╔══

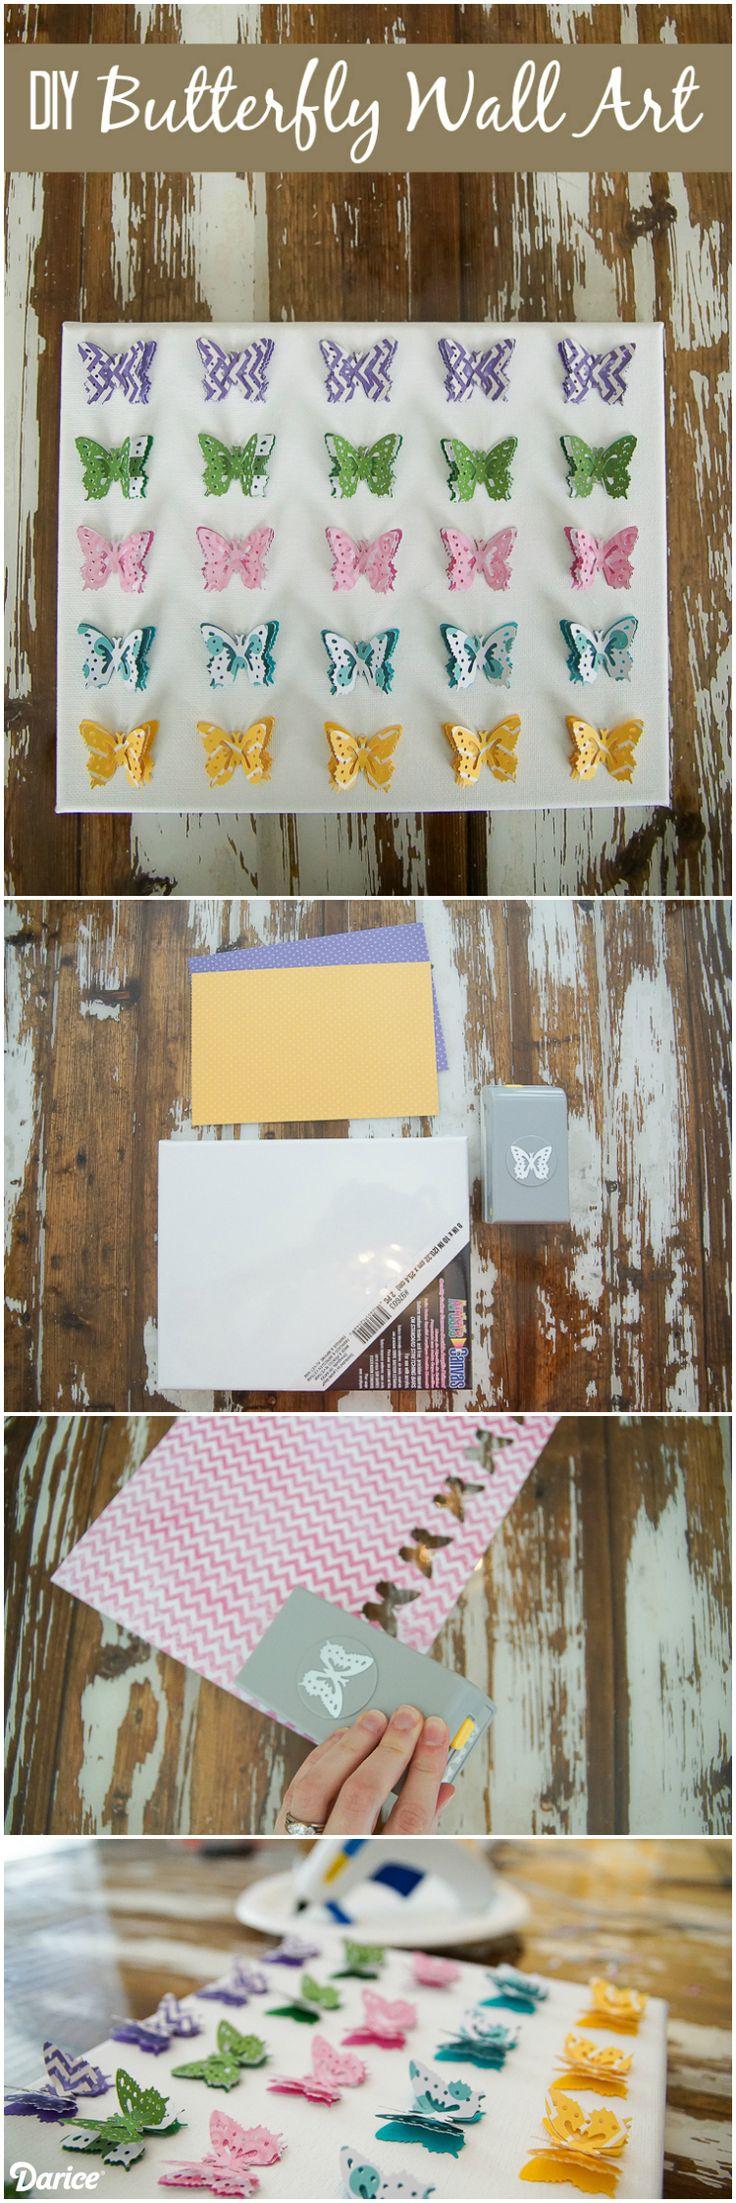 Scrapbook paper art projects - Diy Butterfly Wall Art Project Darice
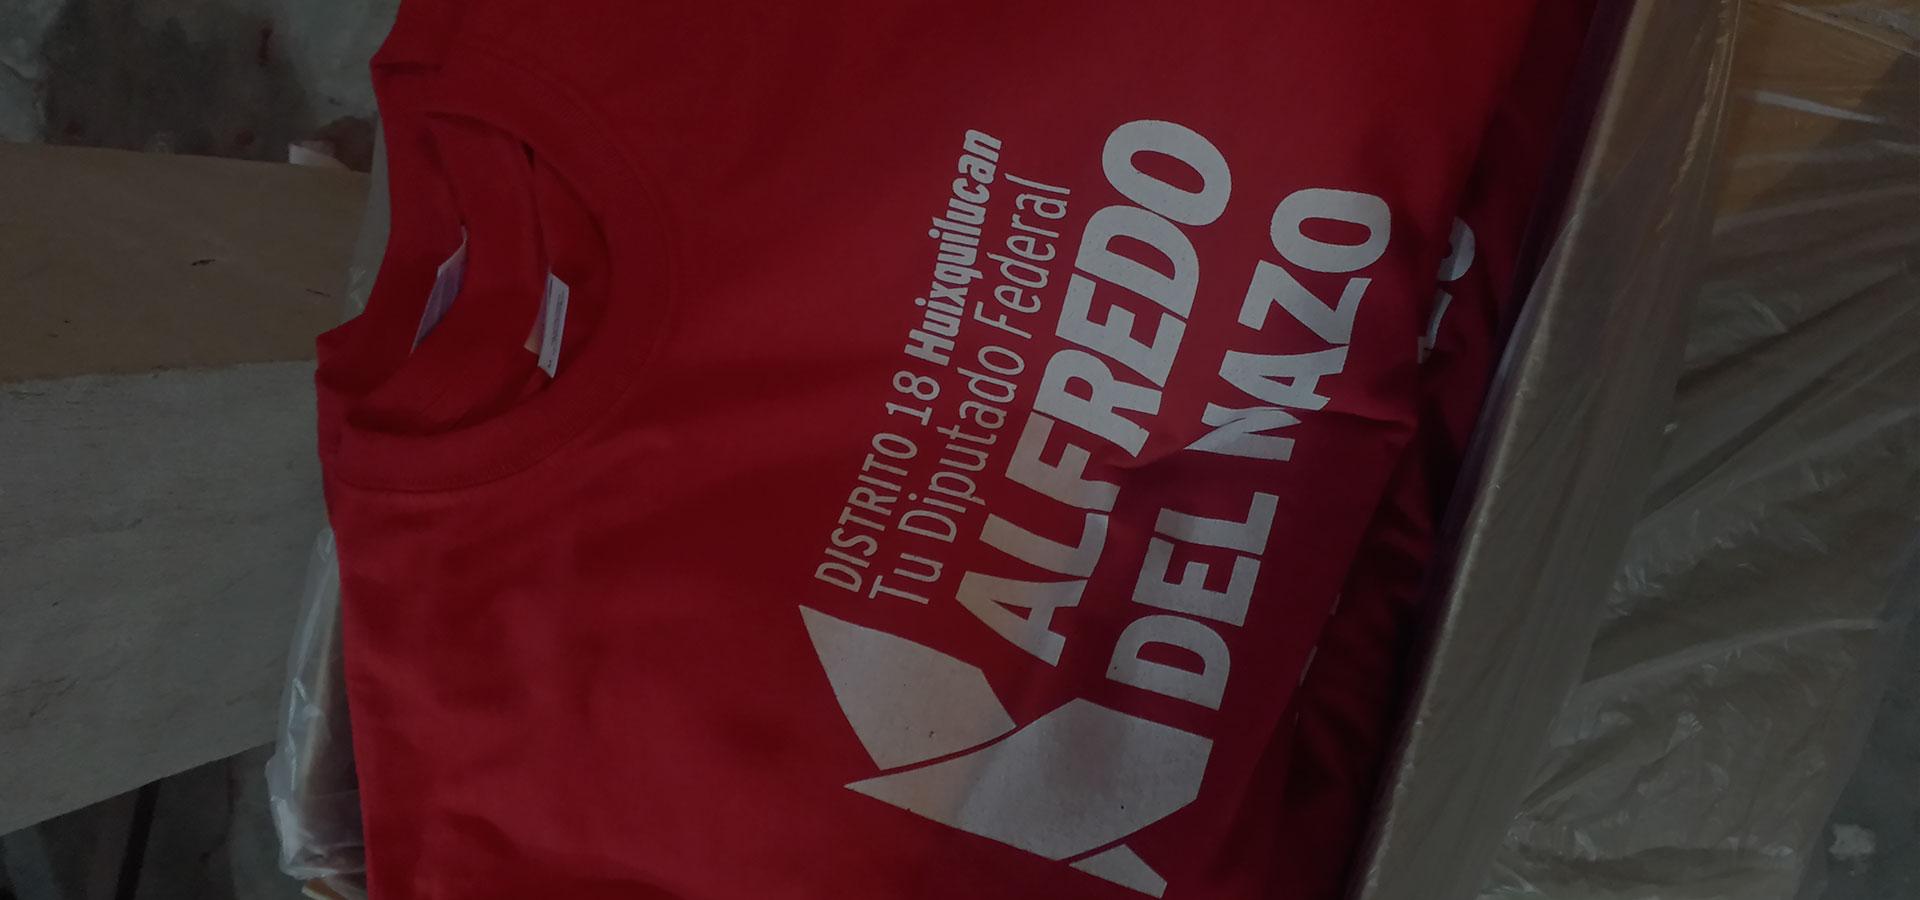 Impresión de playeras de campañas politicas en Querétaro fd5c4caf929c6
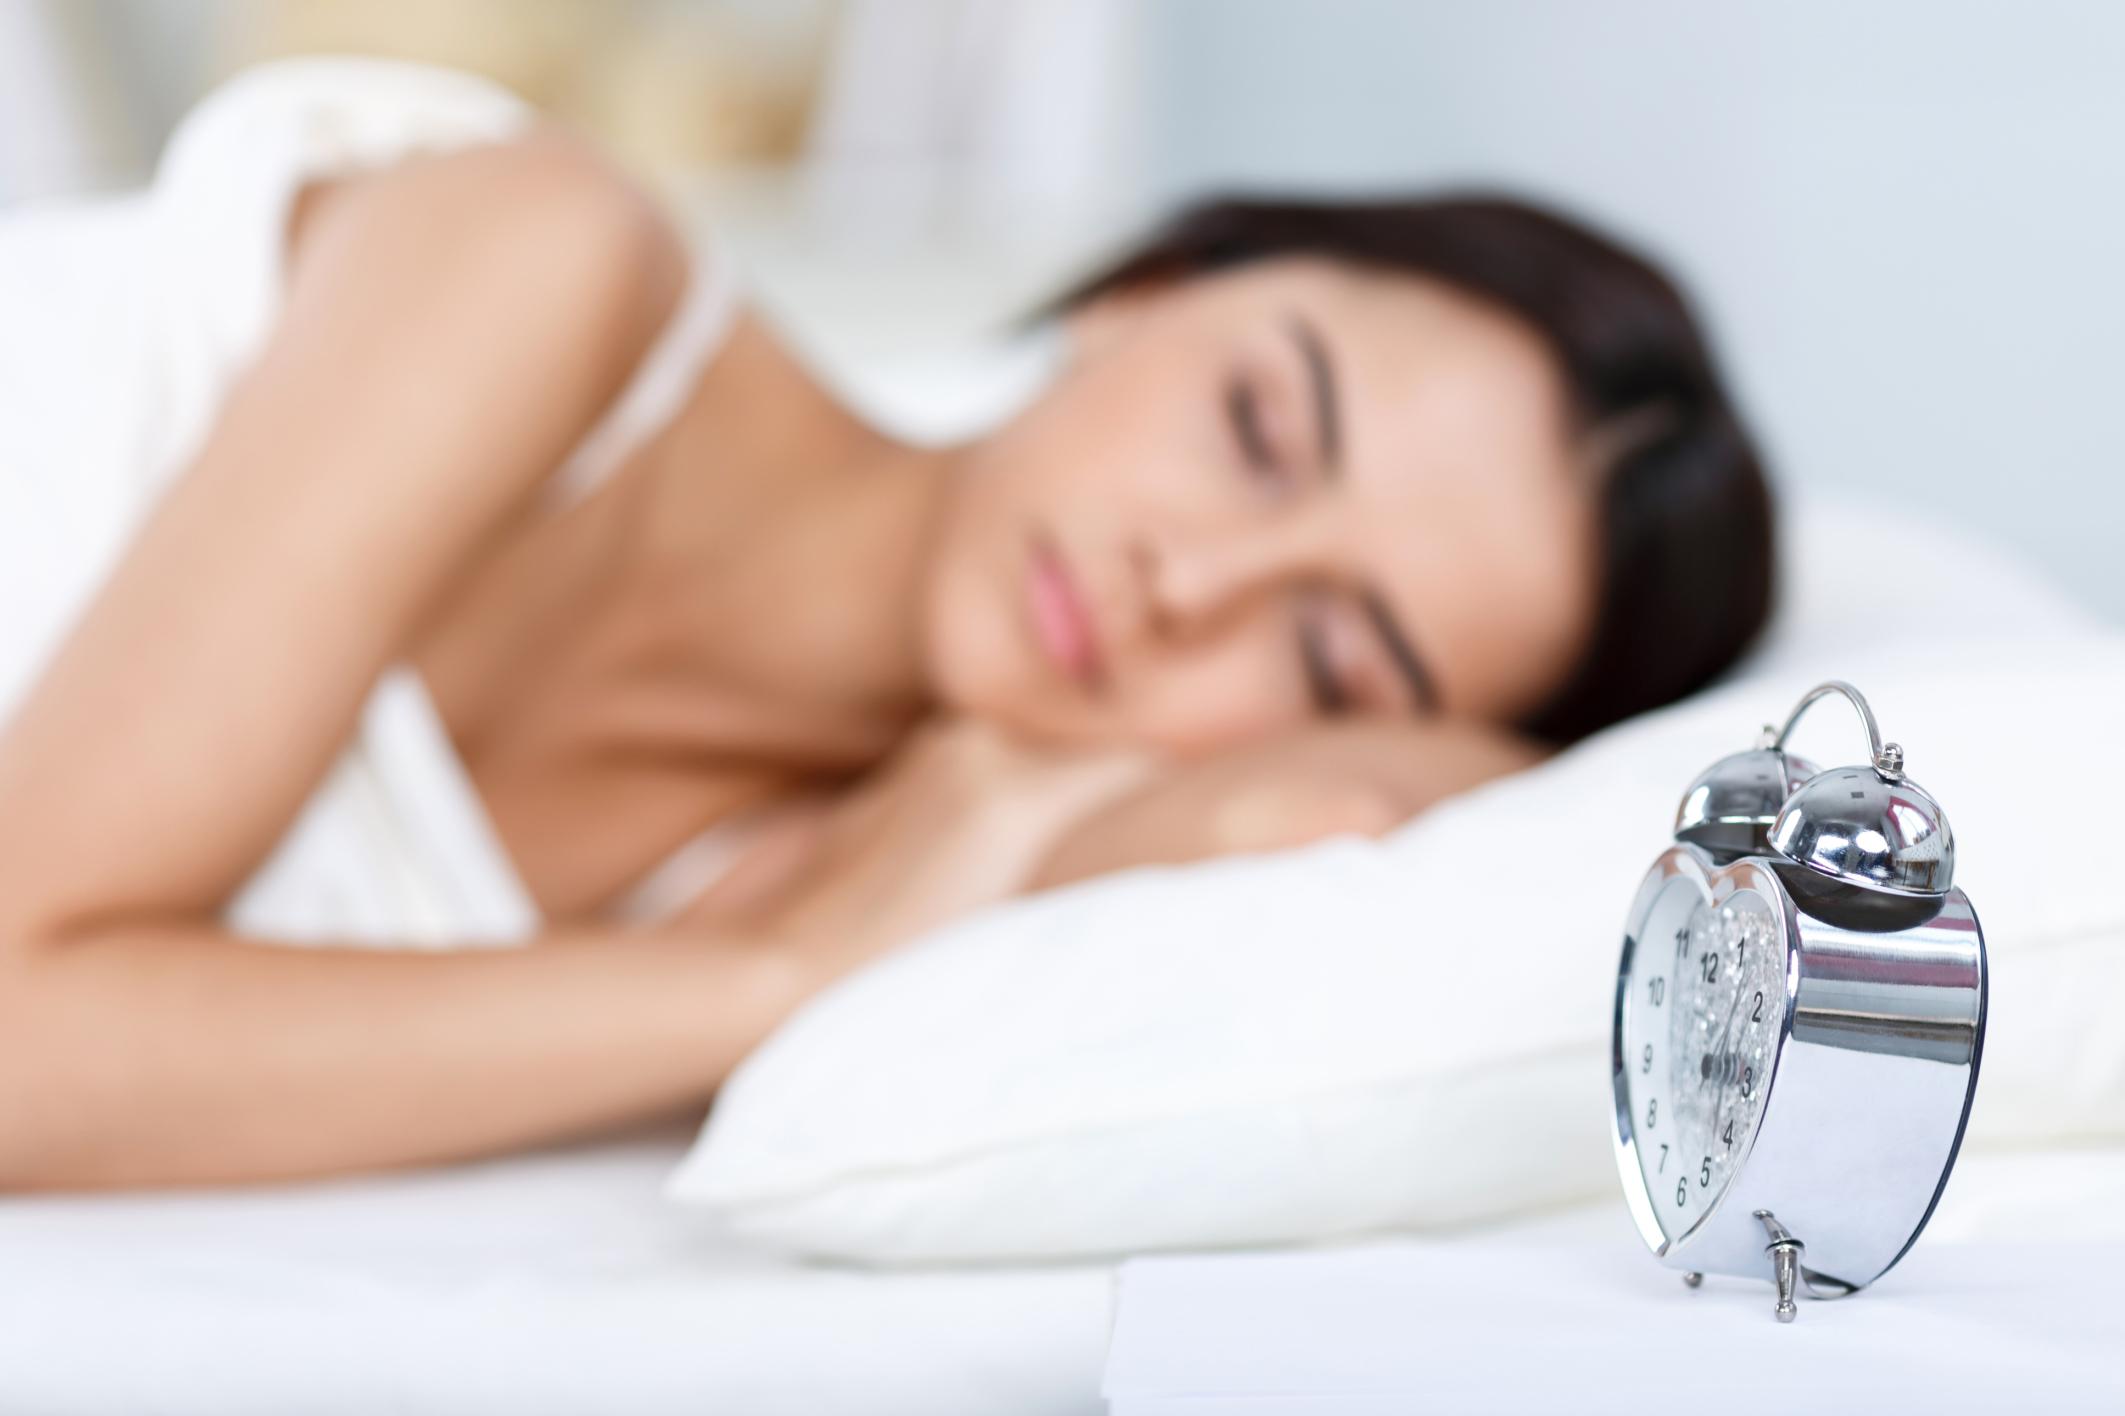 effects of pregabalin on sleep in generalized anxiety disorder
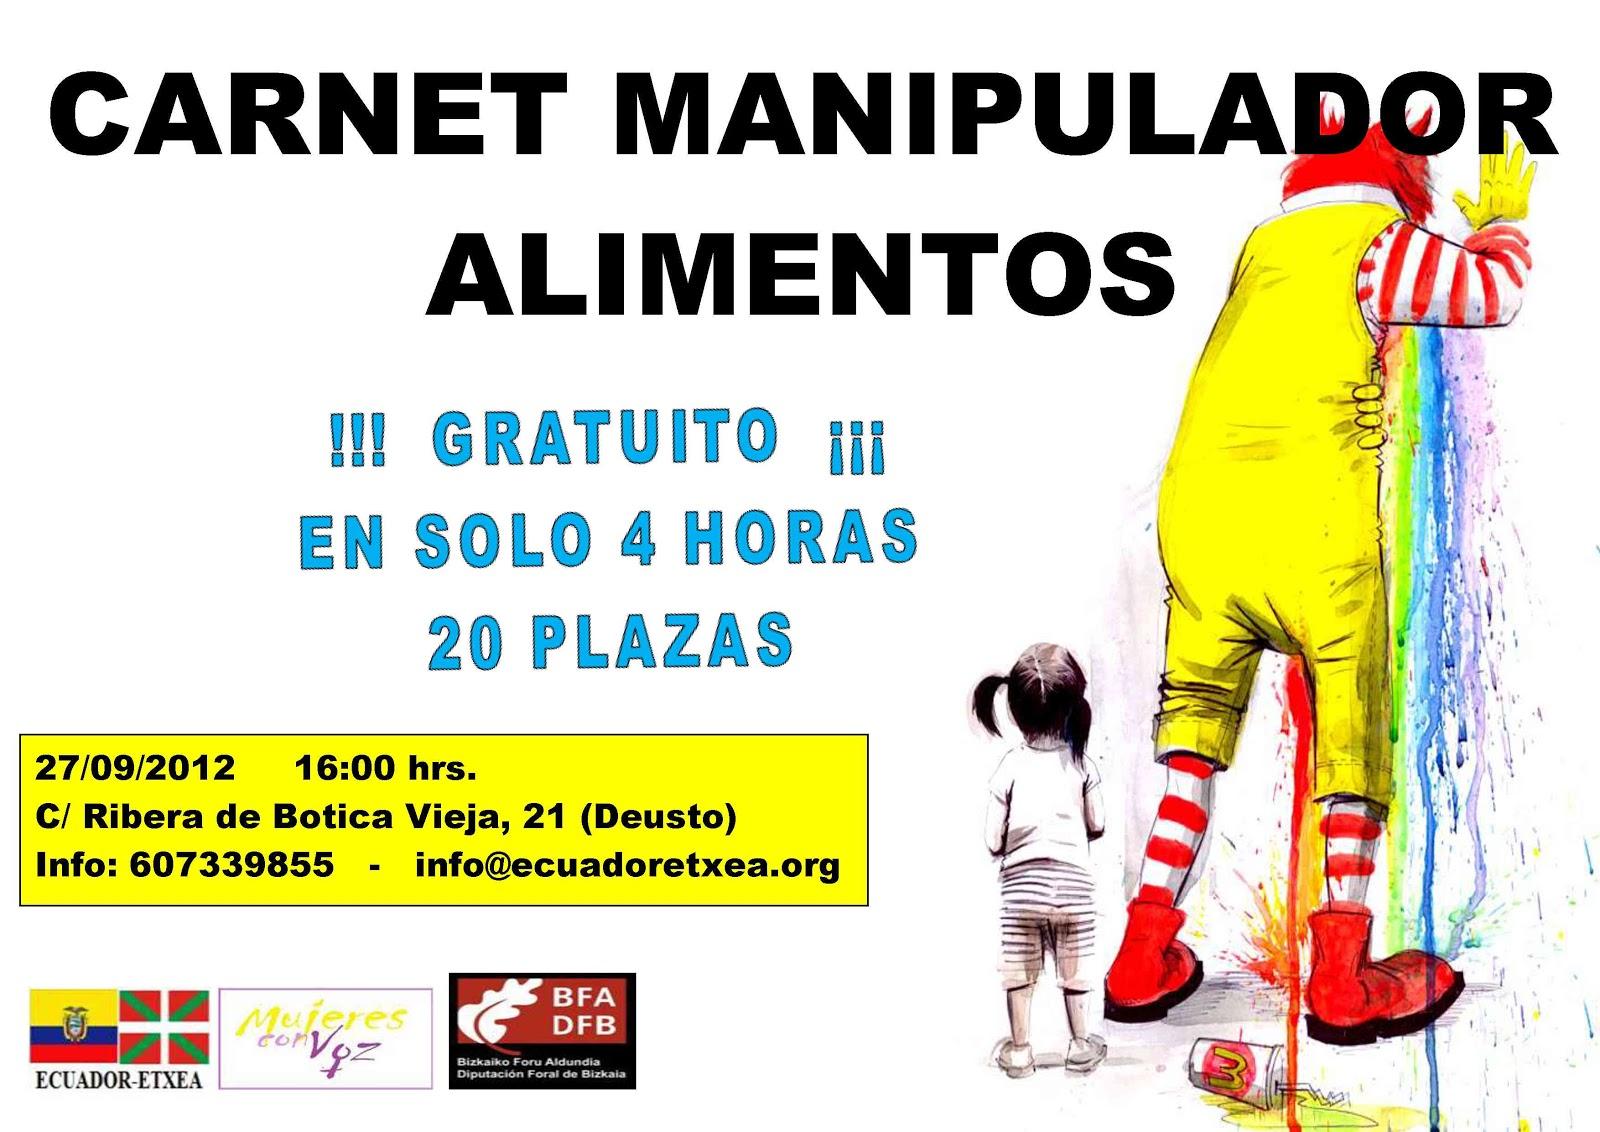 Ecuador etxea oficial curso carnet de manipulador de alimentos gratuito - Certificado de manipulador de alimentos gratis online ...

╚══

■ WORK TO COMPLETE: Word for word, restate only the lines from the one bearing "effects of pregabalin" through the final line of the listing, inclusive, with no pictures.

■ EXERCISE RESPONSE:
 effects of pregabalin on sleep in generalized anxiety disorder
 Ecuador etxea oficial curso carnet de manipulador de alimentos gratuito - Certificado de manipulador de alimentos gratis online ...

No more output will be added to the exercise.